The rotor system components and attachments are some of the most fatigue-critical structural components on a helicopter. Direct measurement of the dynamic loads in these areas has traditionally been accomplished through slip rings or telemetry systems, however, these techniques are difficult to implement and are often unreliable. Over the past few decades, there have been a number of attempts at estimating these dynamic component loads indirectly from loads measured at fixed points on the airframe or from flight state parameters recorded by a flight data recorder (FDR). Ref. 2 summarises the major findings in this area up until the late 1990s.

Figure 1: Australian Army Black Hawk S-70-A-9

In this work, the data gathered from a Sikorsky Black Hawk S-70A-9 operated by the Australian Army (Figure 1) were analysed. In common with other helicopter manufacturers, Sikorsky uses three key elements to calculate component fatigue lives from which the recommended CRTs are specified.
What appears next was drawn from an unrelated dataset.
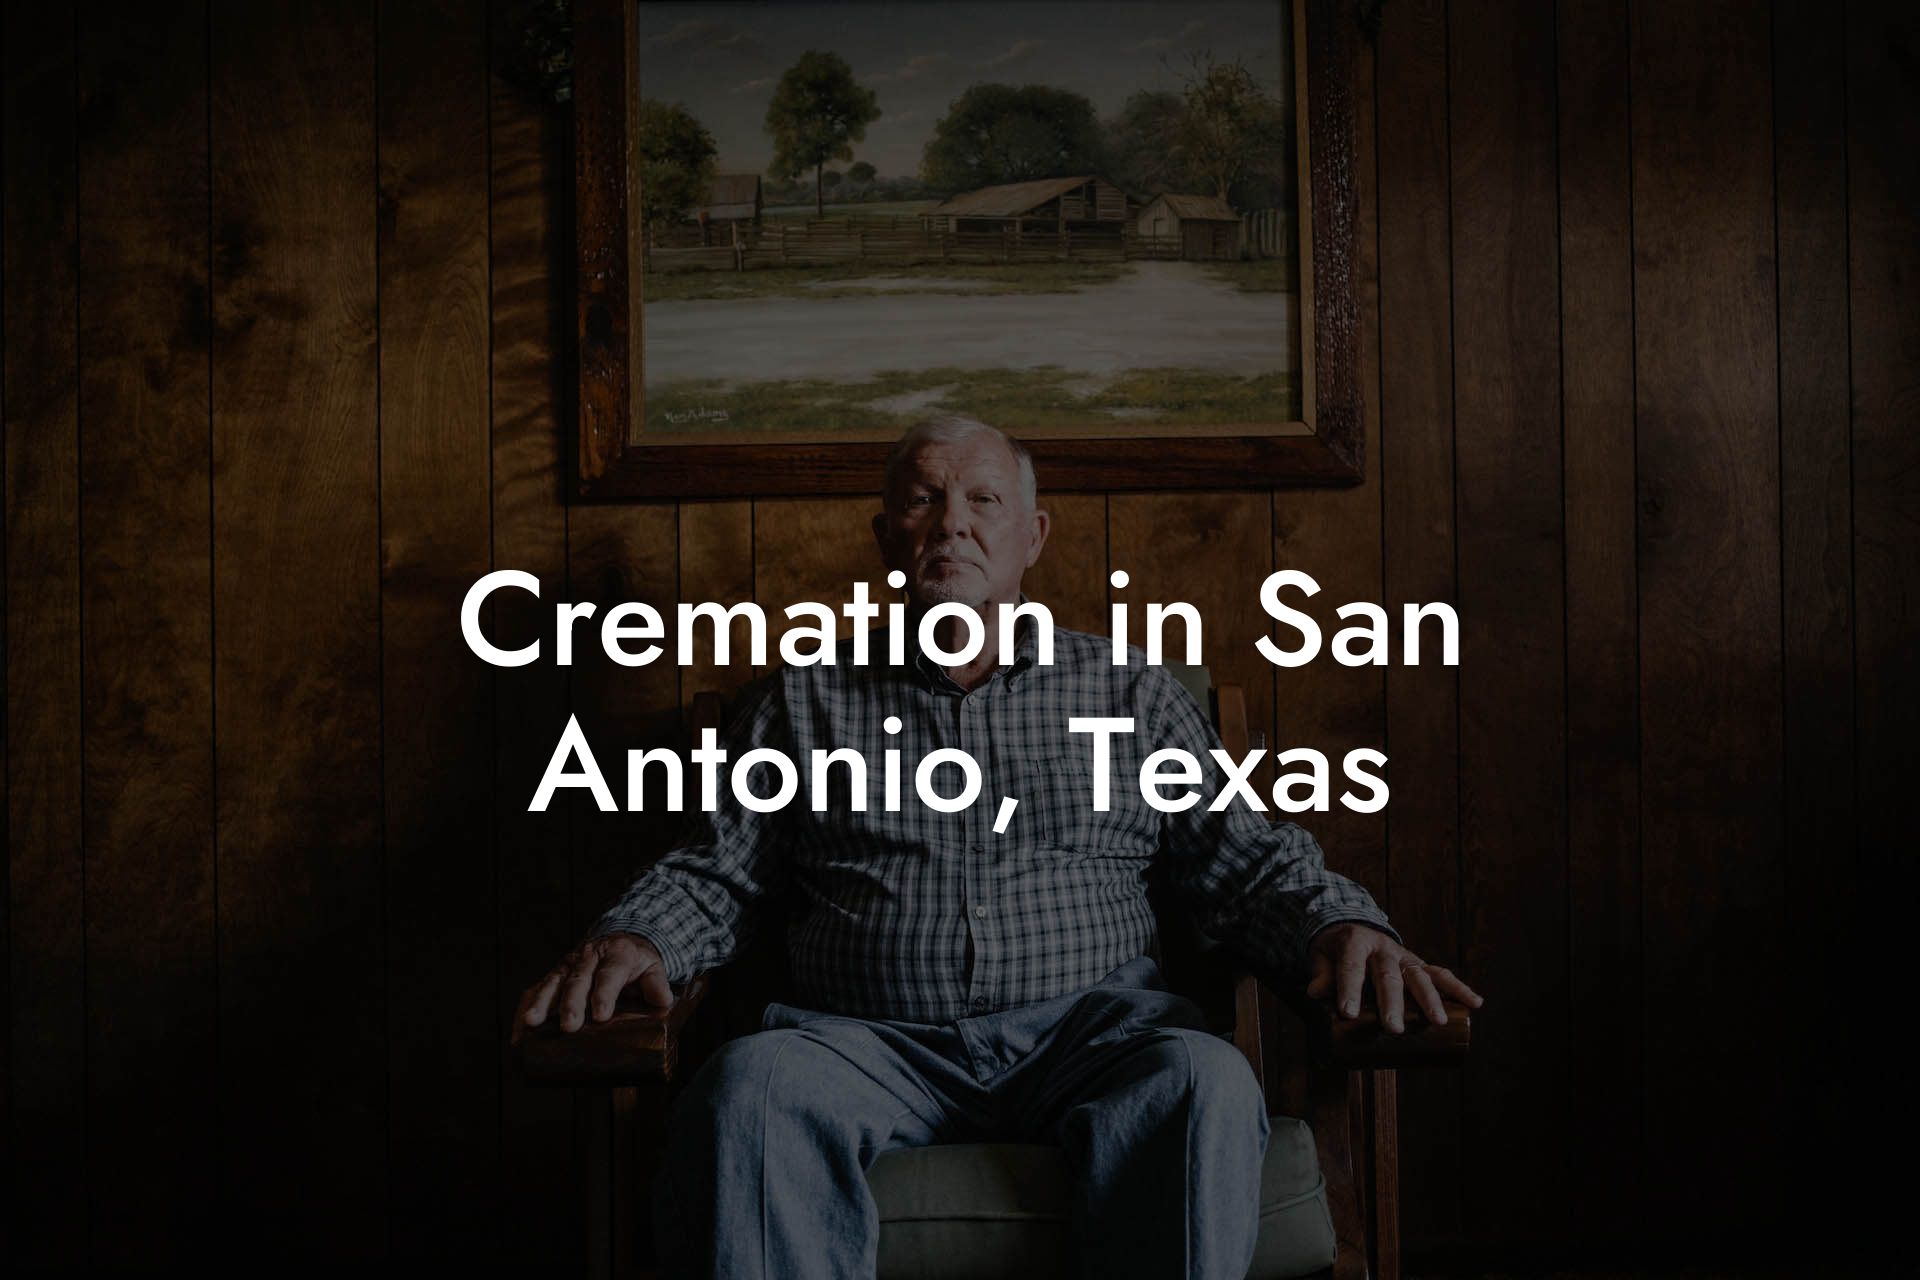 Cremation in San Antonio, Texas
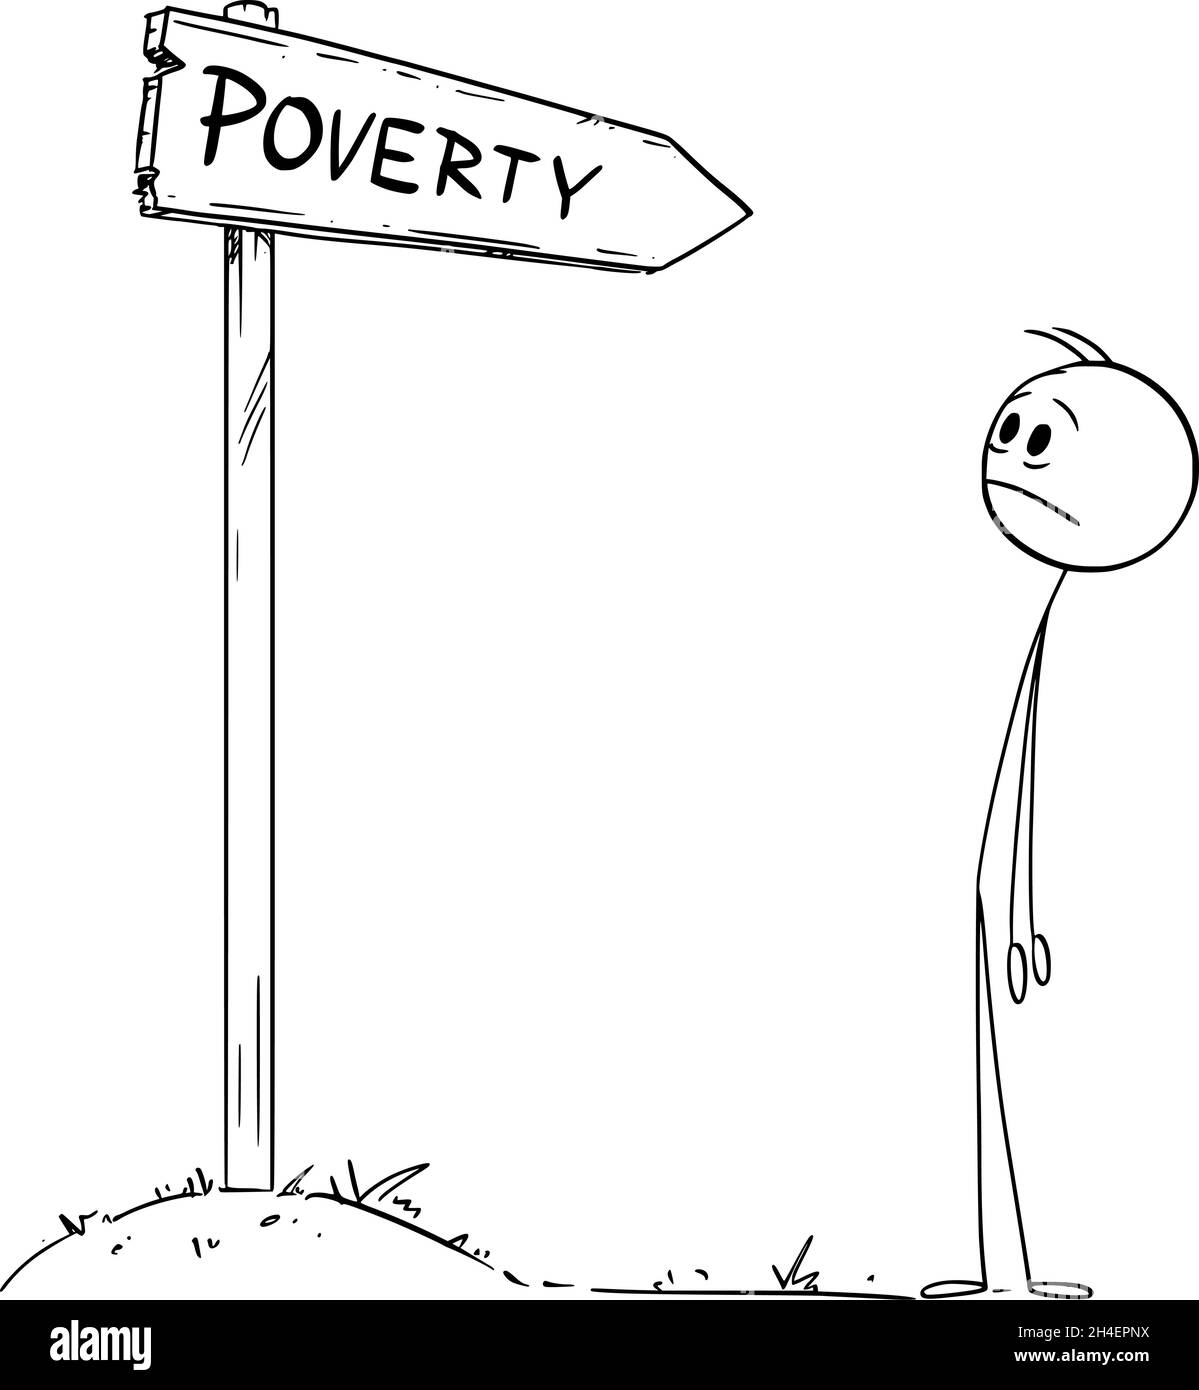 Persona che guarda povertà strada traffico freccia segno, Vector Cartoon Stick Figure Illustrazione Illustrazione Vettoriale

These elements are: the usage spectrum, flight load data, and fatigue strength data [1]. The usage spectrum lists a set of flight conditions and quantifies the expected worst case usage for the aircraft during its service life. In addition, the usage spectrum attributes a percentage of the total flight time expected to be spent in each of these flight regimes. The flight load data define the expected loads on components during each flight regime. Finally, the fatigue strength data, often obtained by material coupon testing, show the degree of resistance of a particular material or component to fatigue damage from the flight loads, i.e. the number of cycles at a particular cyclic stress level the material or component will endure.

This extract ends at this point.